--- RECORDED DATA ---

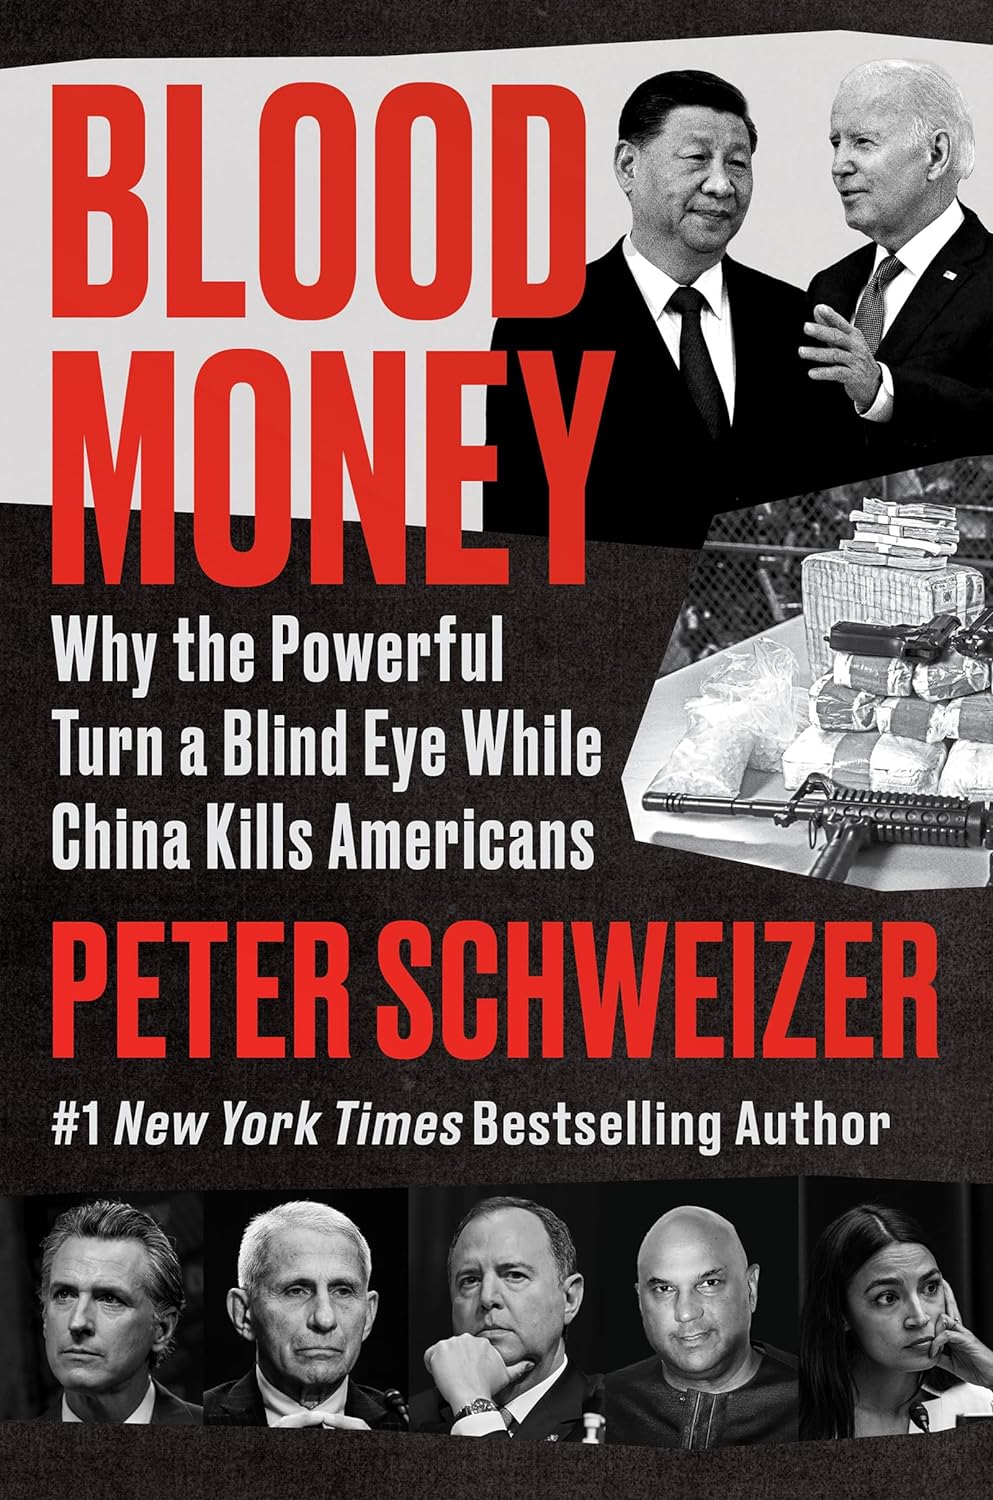 Blood Money: Why the Powerful Turn a Blind Eye While China Kills Americans" emerges as a compelling narrative that delves deep into the intricate web of economic and political relations between China and the United States
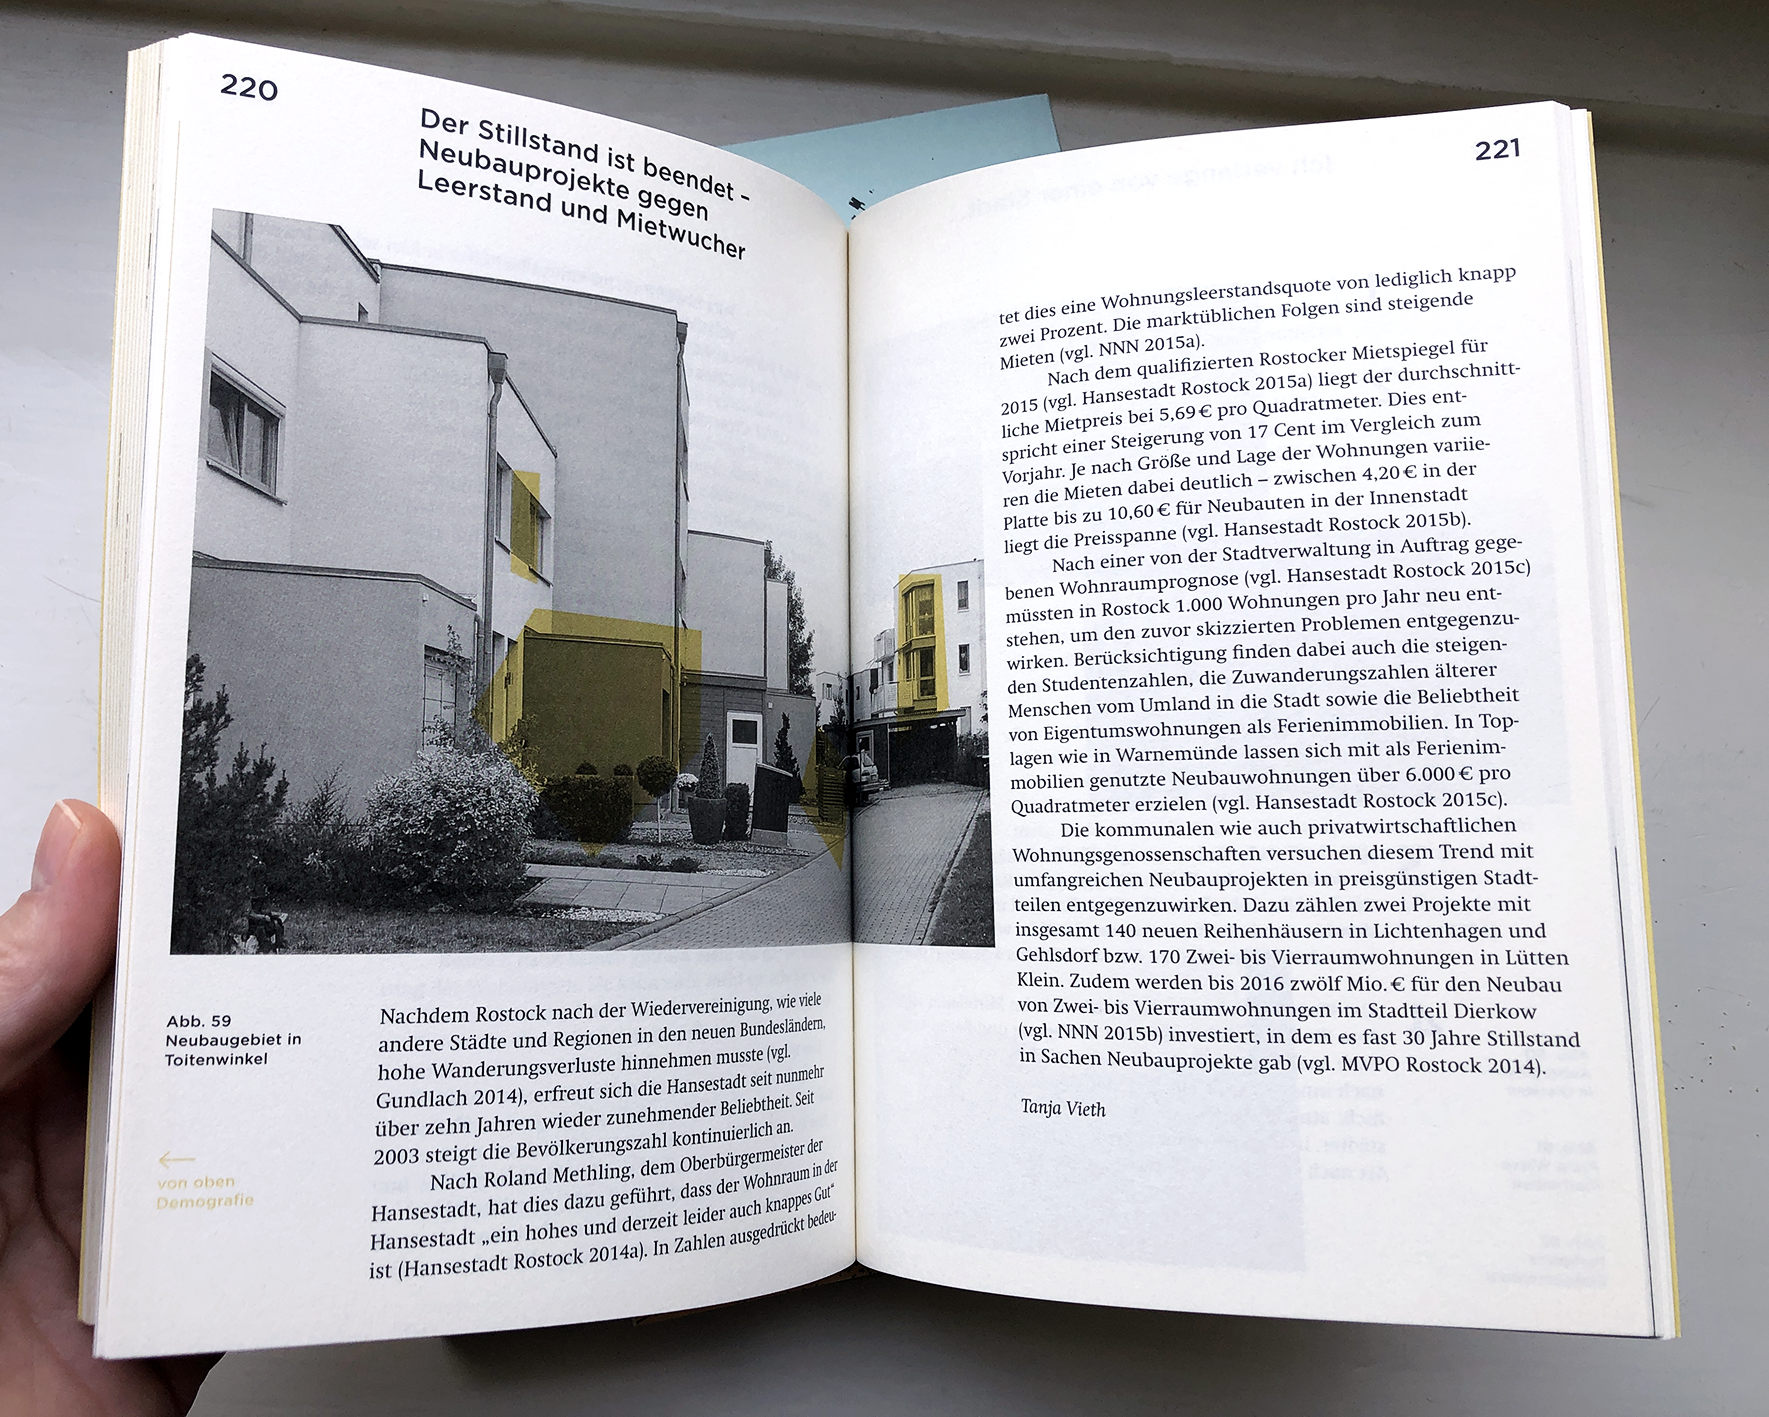 Excerpt from a study on life and developments in large housing estates around the city of Rostock.
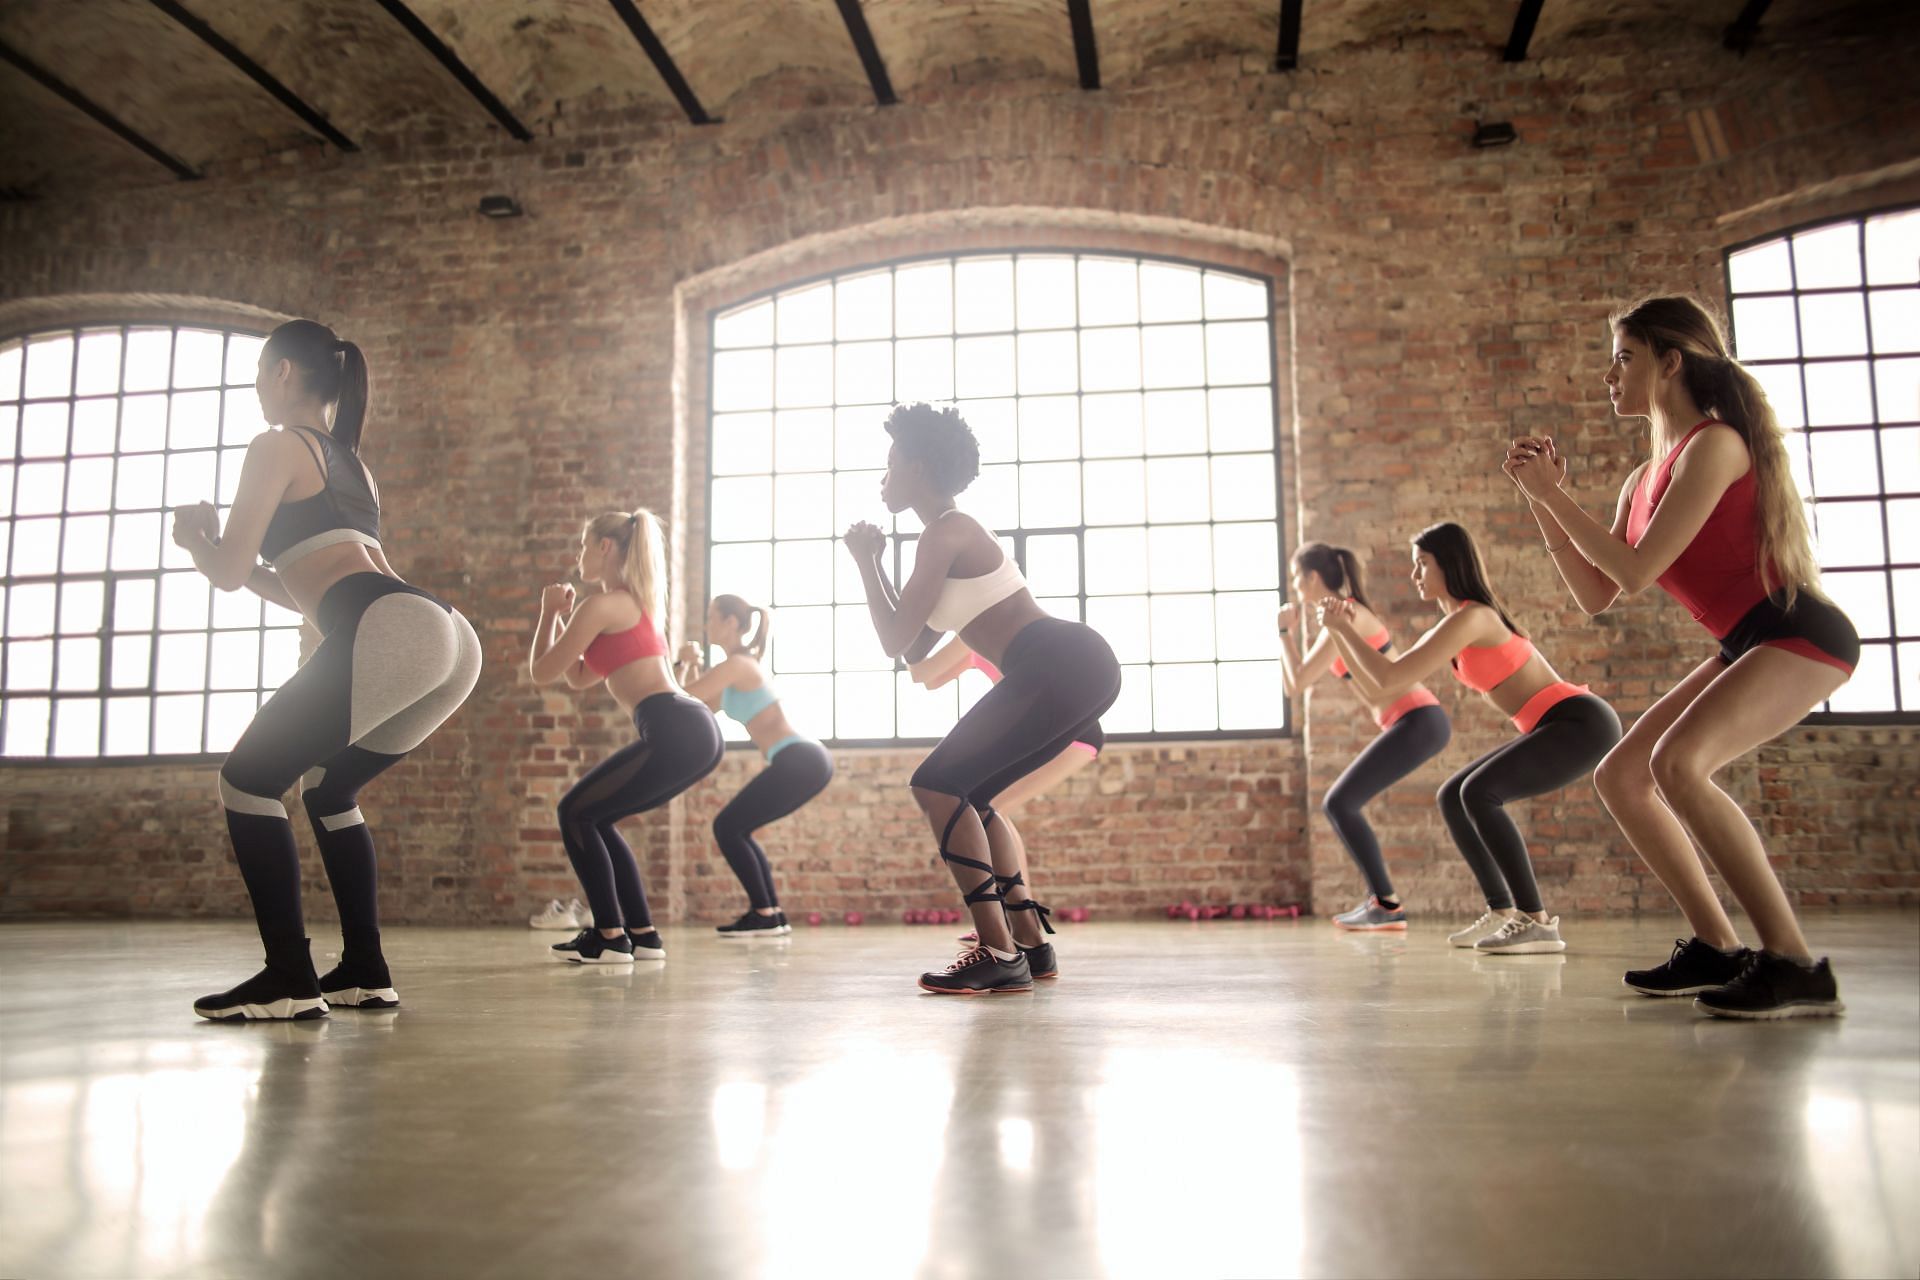 Dance workouts along with exercises like squats can be part of a complete fitness routine (Image via Pexels @Andrea Piacquadio)

--- WHAT IS REQUIRED ---
Output the listing above exactly, pictures omitted.

--- RESPONSE TO THIS EXERCISE ---
 Blood Money: Why the Powerful Turn a Blind Eye While China Kills Americans" emerges as a compelling narrative that delves deep into the intricate web of economic and political relations between China and the United States
 Excerpt from a study on life and developments in large housing estates around the city of Rostock.
 Dance workouts along with exercises like squats can be part of a complete fitness routine (Image via Pexels @Andrea Piacquadio)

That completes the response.